Autres sociétés souvent citées dans les couloirs du renseignement intérieur français pour ce type de prestation : la société israélienne Cellebrite, rachetée en 2007 par le groupe japonais Sun Corporation, ou encore l’entreprise suédoise Micro Systemation. Cette dernière développe des outils d’analyse et d’extraction de données numériques, notamment grâce à son logiciel XRY. Aux yeux de certains, au siège de la DGSI à Levallois (Hauts-de-Seine), ce fournisseur revêt même un atout de taille par rapport aux autres : « Les Suédois de Micro Systemation ne facturent pas la TVA », confesse un chef de groupe.

Experts du contournement

Dans certains cas, le renseignement intérieur pouvait même considérer que la loi était en contradiction avec ses intérêts et choisir de s’en exonérer. Dans une enquête ouverte pour trafic d’influence, Bernard Squarcini [le directeur central du renseignement intérieur de 2008 à 2012] a ainsi admis devant la justice fin septembre 2016 que, au nom de la protection de ses relations avec des services étrangers, son service pouvait mentir dans ses déclarations d’interceptions administratives.

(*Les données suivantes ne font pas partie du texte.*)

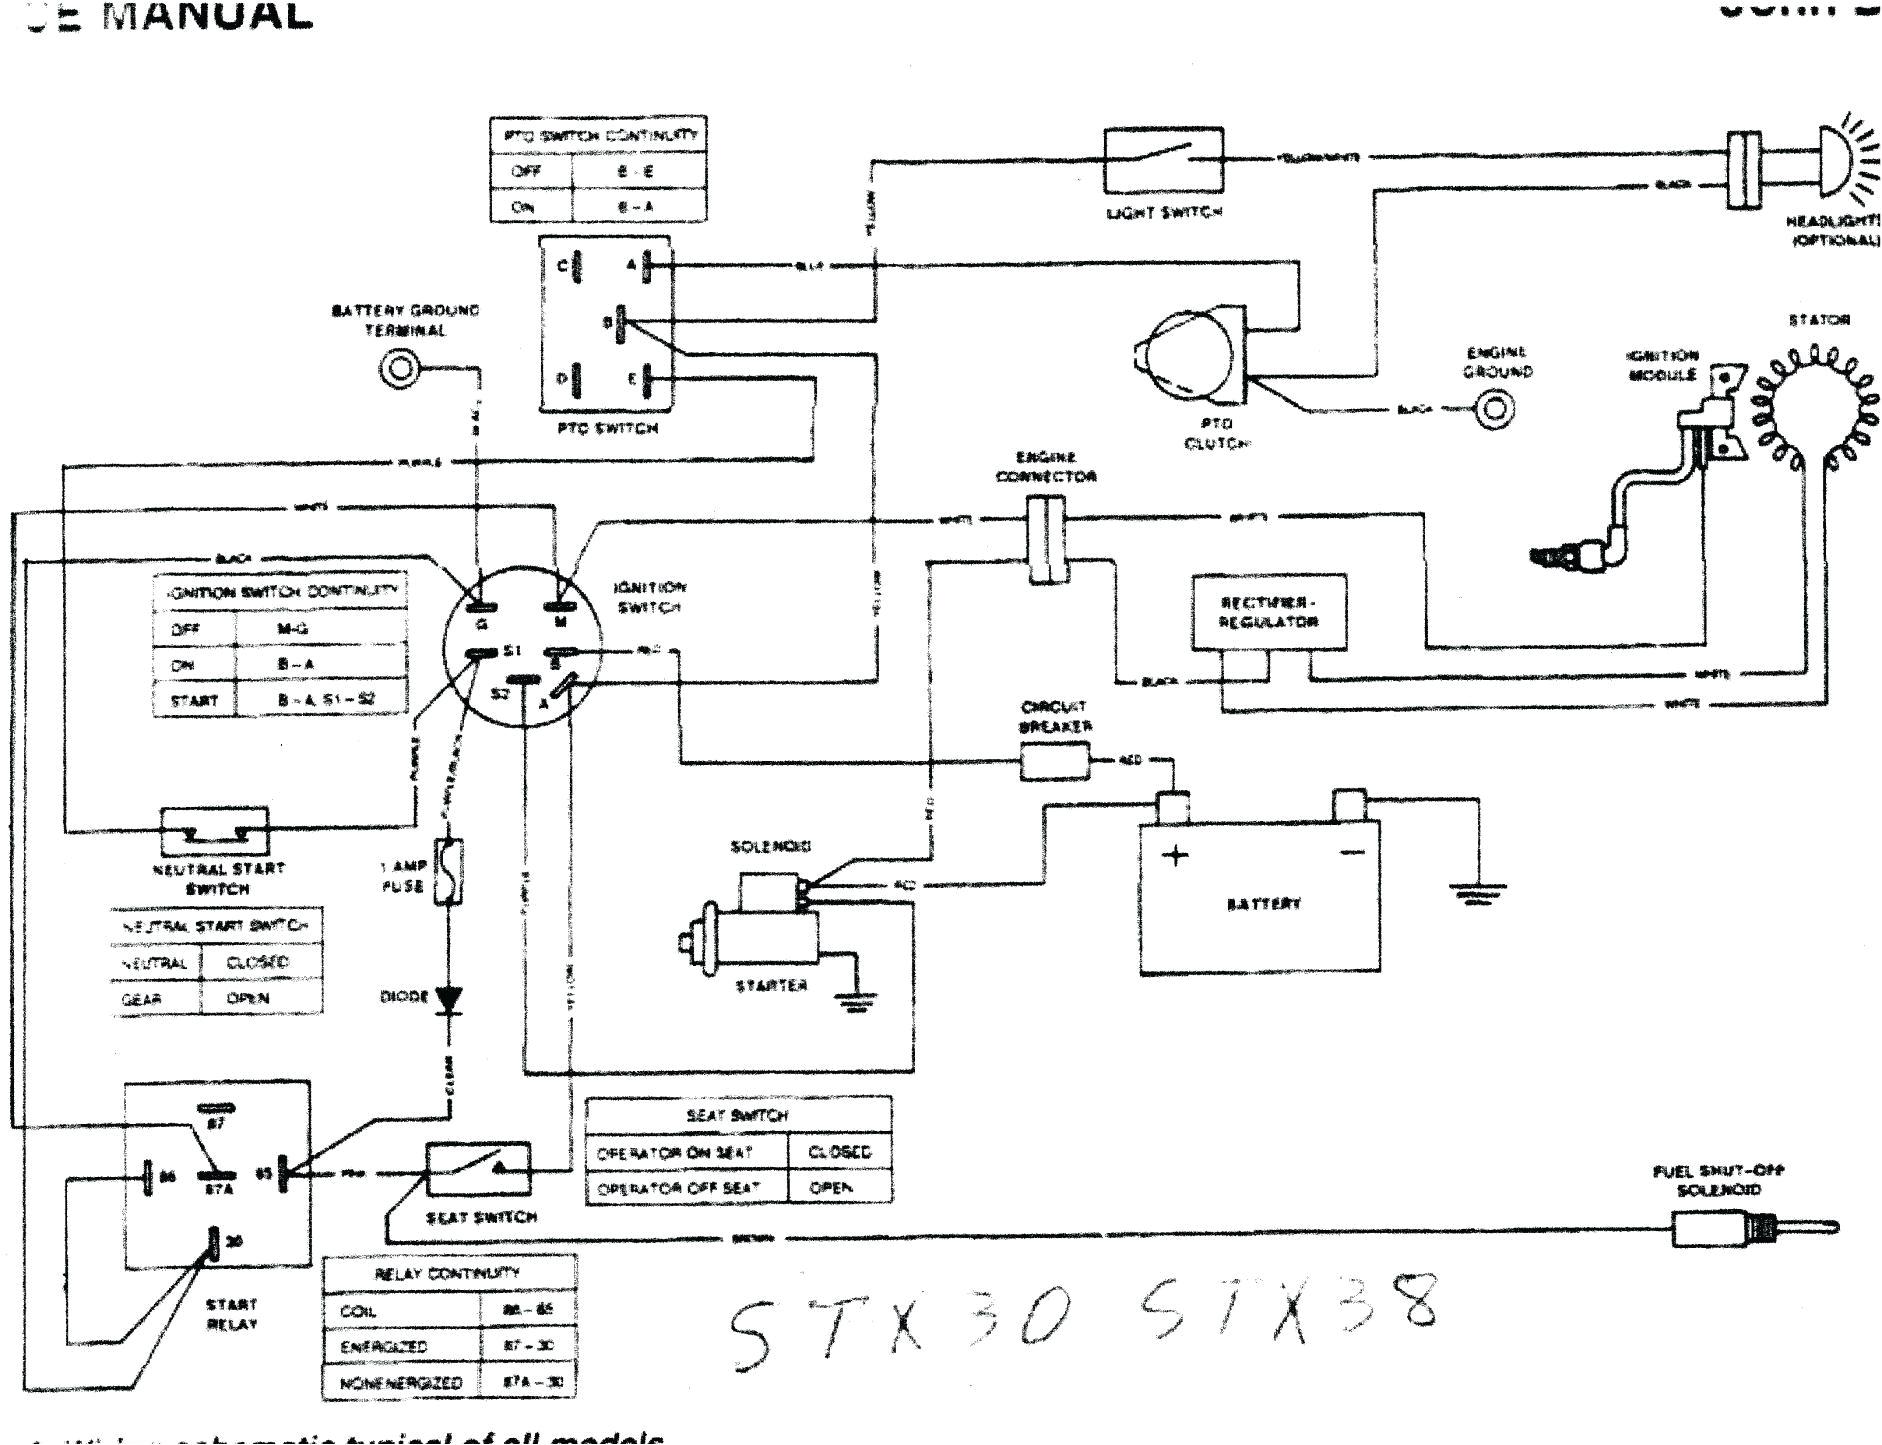 john deere 450c wiring harness wiring diagrams ments john deere 450c wiring harness wire management

Il citait notamment une opération contre une possible ingérence du Mossad en France, durant laquelle la DCRI avait délibérément masqué dans ses demandes de placement sur écoute le véritable nom de la cible. Dans ce cas précis, la DCRI avait mentionné être « en relation avec les membres SR algériens, suspectés d’avoir divulgué des informations sensibles ». De même, il reconnaissait que la procédure officielle de demande d’écoutes administratives était quasi systématiquement forcée : « L’urgence absolue est devenue une procédure habituelle, c’est 80 % des demandes sinon le délai normal est trop long. »

Interrogé dans la même procédure, un membre de son service, passé par les RG, le major Franck A., déclarait que la confiance de la CNCIS [la Commission nationale de contrôle des interceptions de sécurité] était très régulièrement abusée lors des demandes d’écoute. « Il est toujours possible de rédiger une motivation qui permettra d’avoir l’écoute même si elle ne correspond pas à la réalité ; par exemple en indiquant ʺtrafic de stupéfiantsʺ, ça passe toujours. » Il ajoute que, à sa connaissance, le renseignement intérieur disposait même d’un réseau d’écoute parallèle échappant à tout contrôle.

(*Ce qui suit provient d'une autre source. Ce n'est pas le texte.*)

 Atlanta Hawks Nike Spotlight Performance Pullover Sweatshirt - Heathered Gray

Confronté à ces déclarations en septembre 2016, Patrick Calvar, alors à la tête de la DGSI, a tenté de corriger le tir : « Il est de règle de donner les motifs réels dans une demande d’interception. » Mais, à demi-mot, il reconnaît que d’éventuels dérapages individuels ont pu survenir : « Nous essayons au fur et à mesure de professionnaliser et d’instaurer des processus de fonctionnement qui répondent à la loi mais également à la déontologie. C’est à cette fin qu’a été instaurée une inspection générale de la sécurité intérieure afin de pouvoir justement lutter contre des comportements erratiques. » (…)

La DGSI s’émancipe

La quête d’autonomie de la DGSI n’est pas un vain mot. Elle est constante. Le renseignement intérieur a même recours à des stratagèmes pour contourner la tutelle technique de la DGSE. Dans l’ombre de la stratégie antiterroriste française, loin des déclarations gouvernementales sur l’union sacrée du renseignement français, la DST et ses successeurs – la DCRI puis la DGSI – ont parfois privilégié les liens avec des services étrangers à la coopération avec la DGSE [direction générale de la sécurité extérieure]. En février 2016, le préfet Bernard Squarcini admettait, sans fournir de détails : « C’est regrettable, mais en matière de coopération, les services français coopèrent mieux avec leurs homologues étrangers qu’entre eux. »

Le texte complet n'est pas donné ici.